Task statement
When you transcribe the data below, reproduce every line exactly and leave each picture out.

[Available data — start]

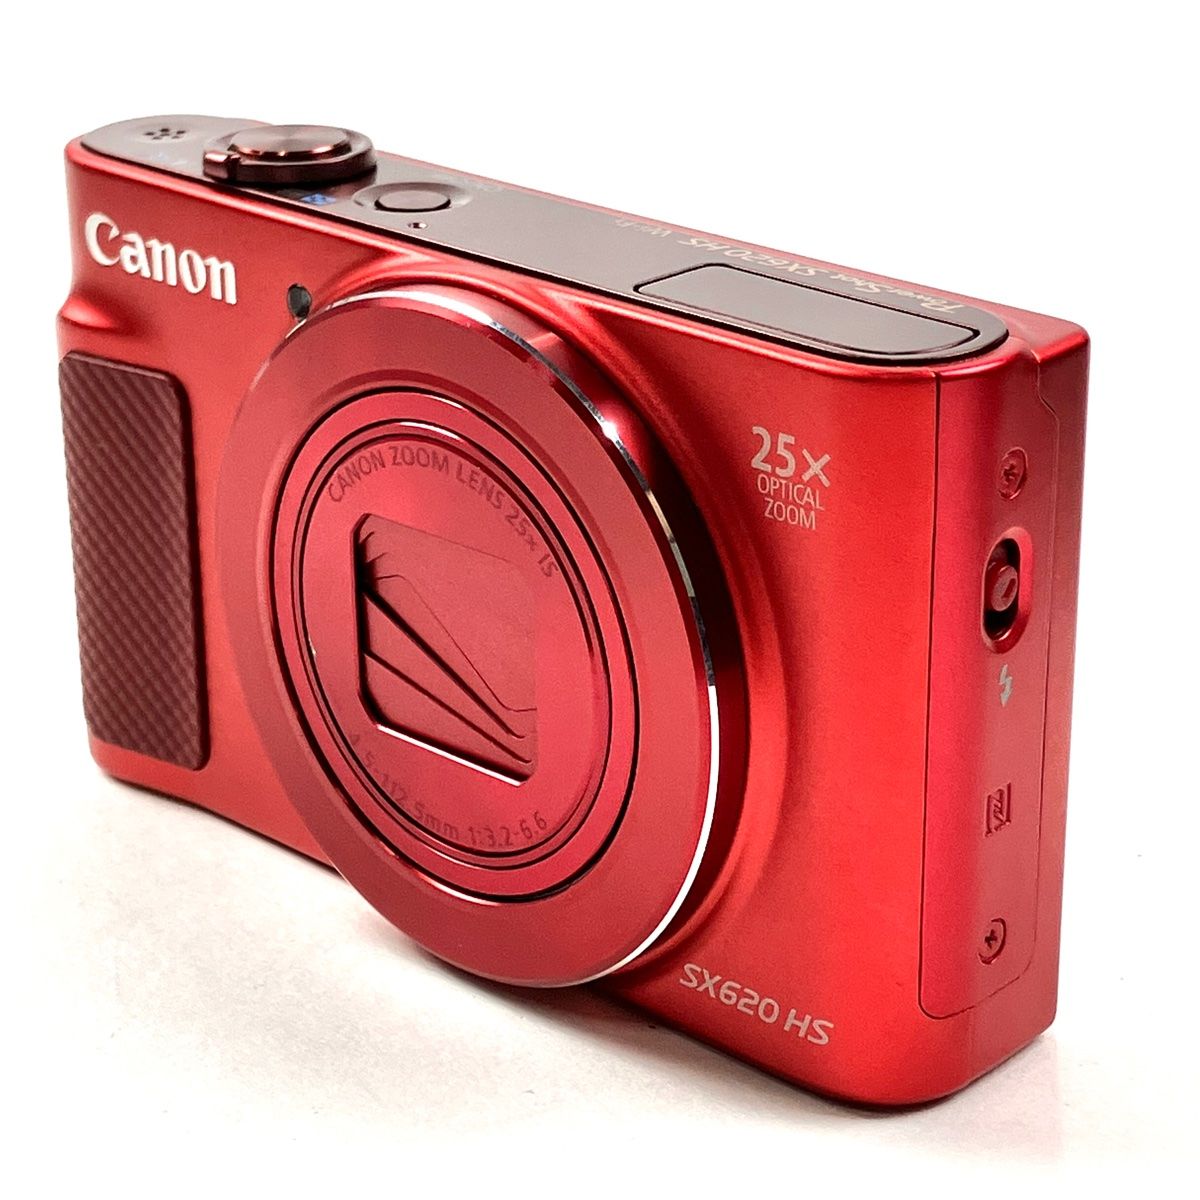 Canon Powershot SX620 HS RED
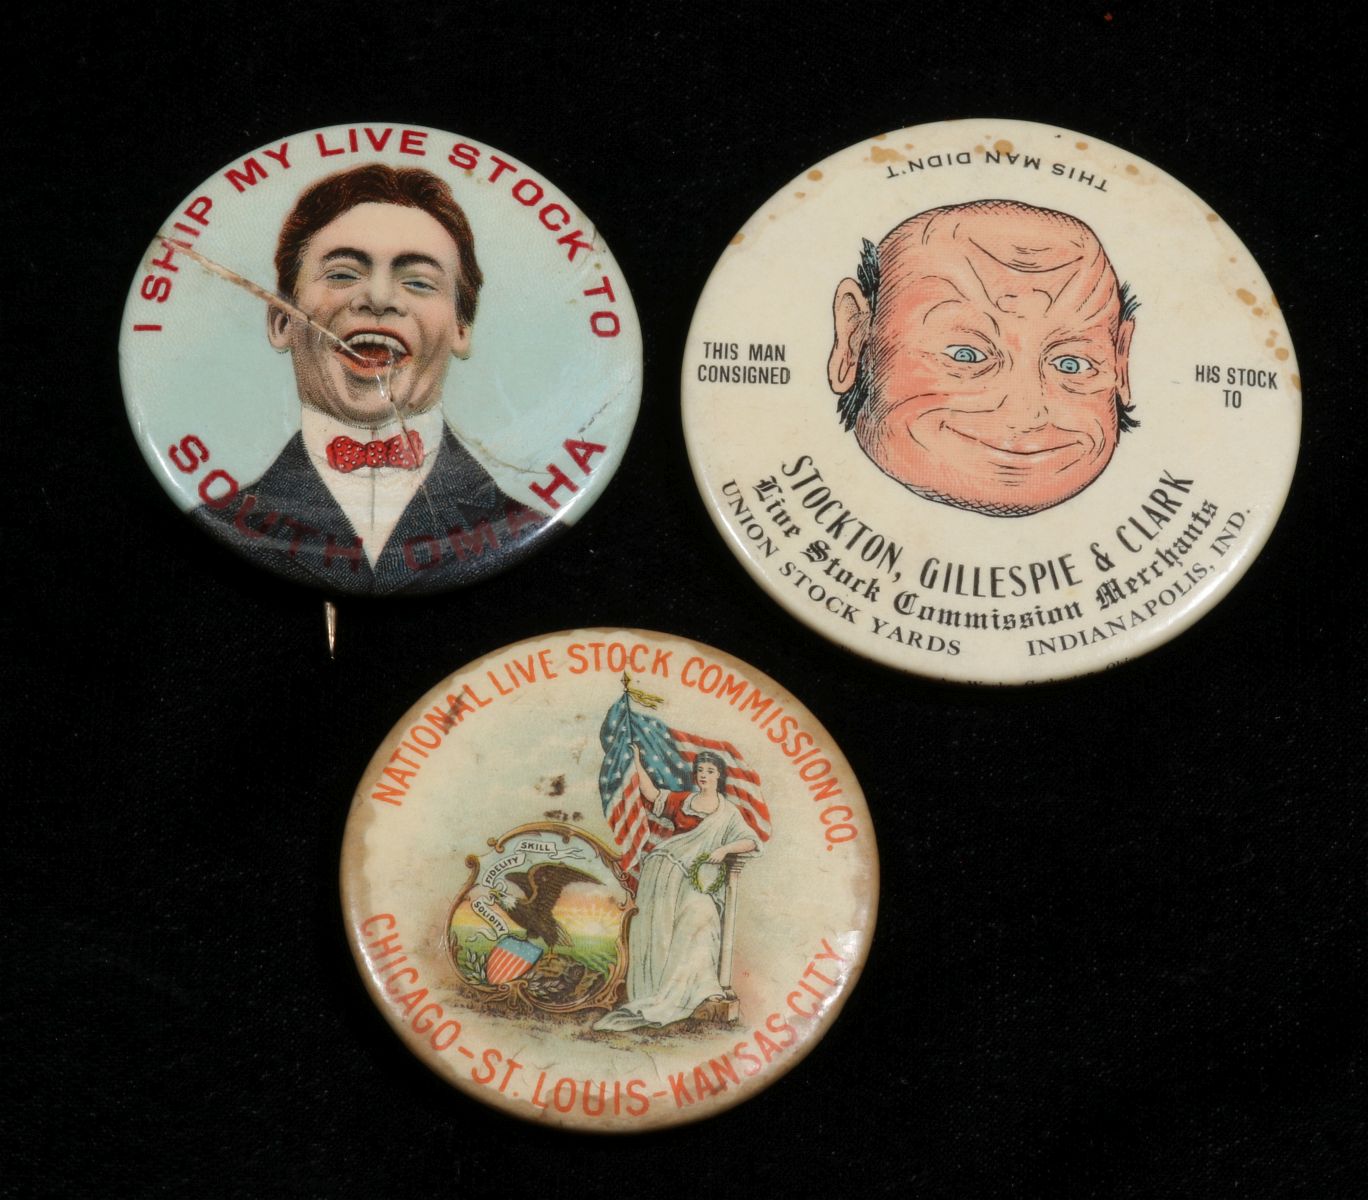 VINTAGE ADVERTISING BUTTONS AND POCKET MIRRORS
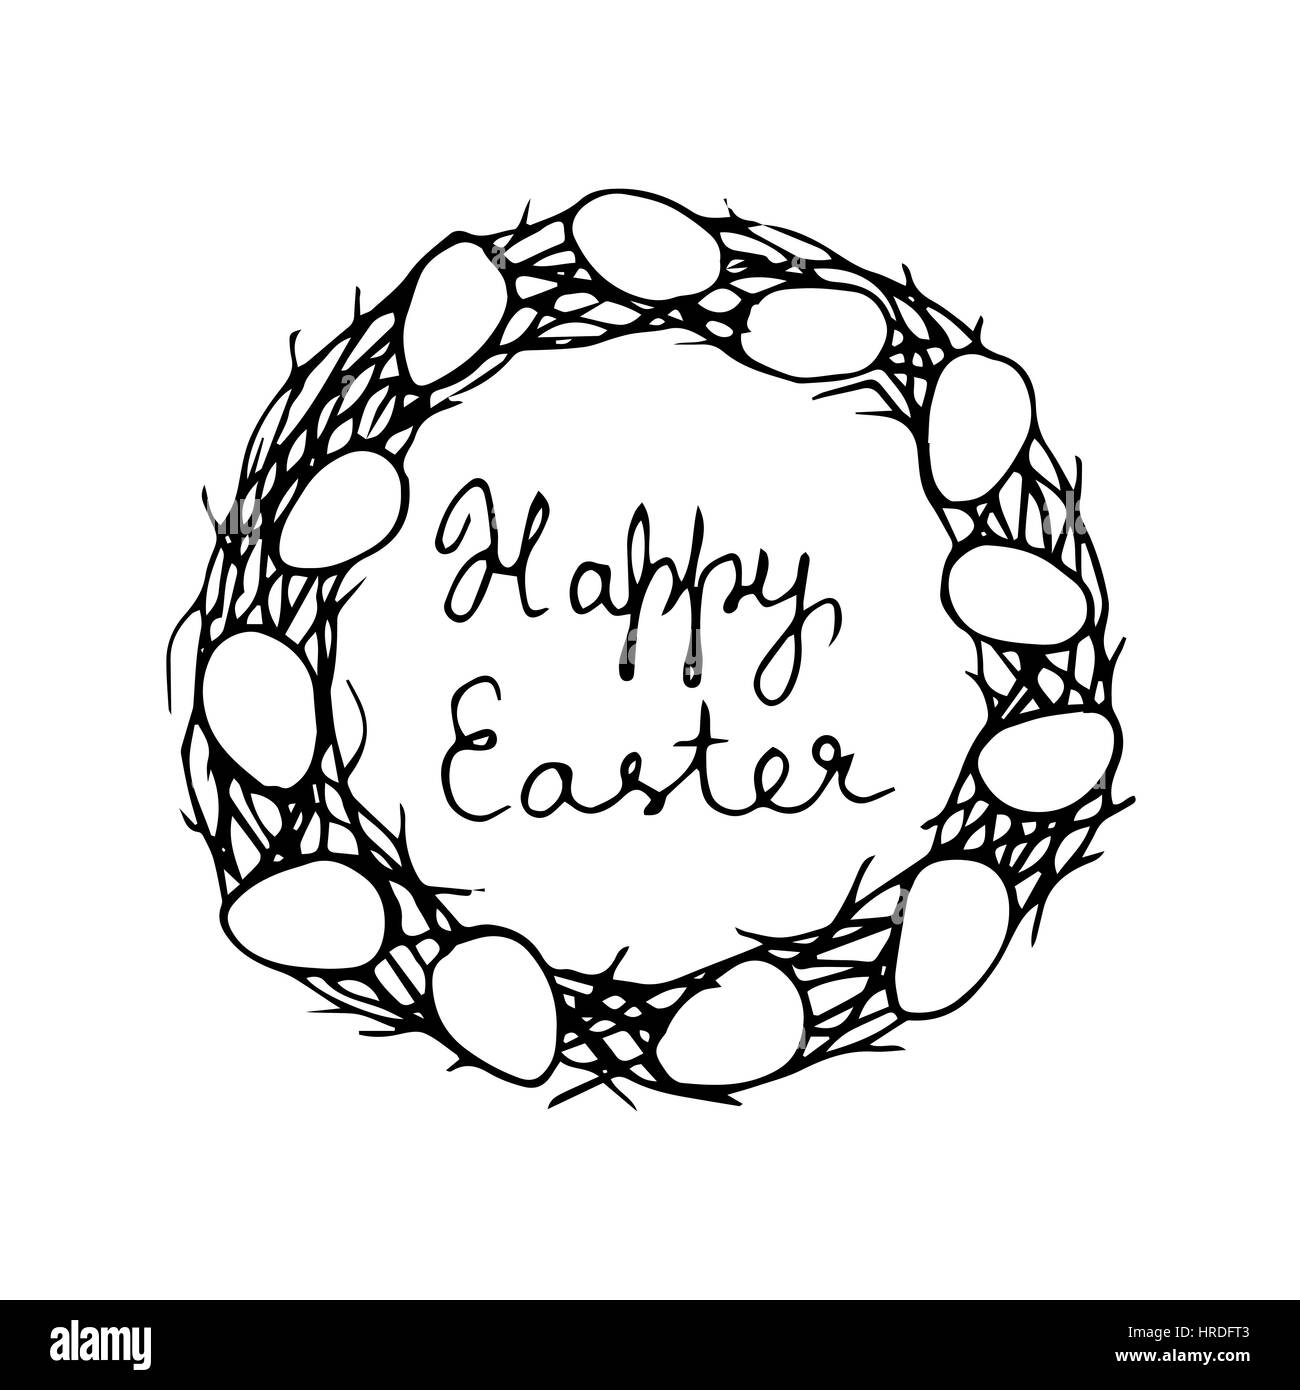 Happy easter card with eggs? lettering and wreath. Typographical Background. sketch. Hand drawn. Brush pen. Garland, spring theme. Floral ornament. Fo Stock Vector

[Available data — finish]

Your response
 Canon Powershot SX620 HS RED
 VINTAGE ADVERTISING BUTTONS AND POCKET MIRRORS
 Happy easter card with eggs? lettering and wreath. Typographical Background. sketch. Hand drawn. Brush pen. Garland, spring theme. Floral ornament. Fo Stock Vector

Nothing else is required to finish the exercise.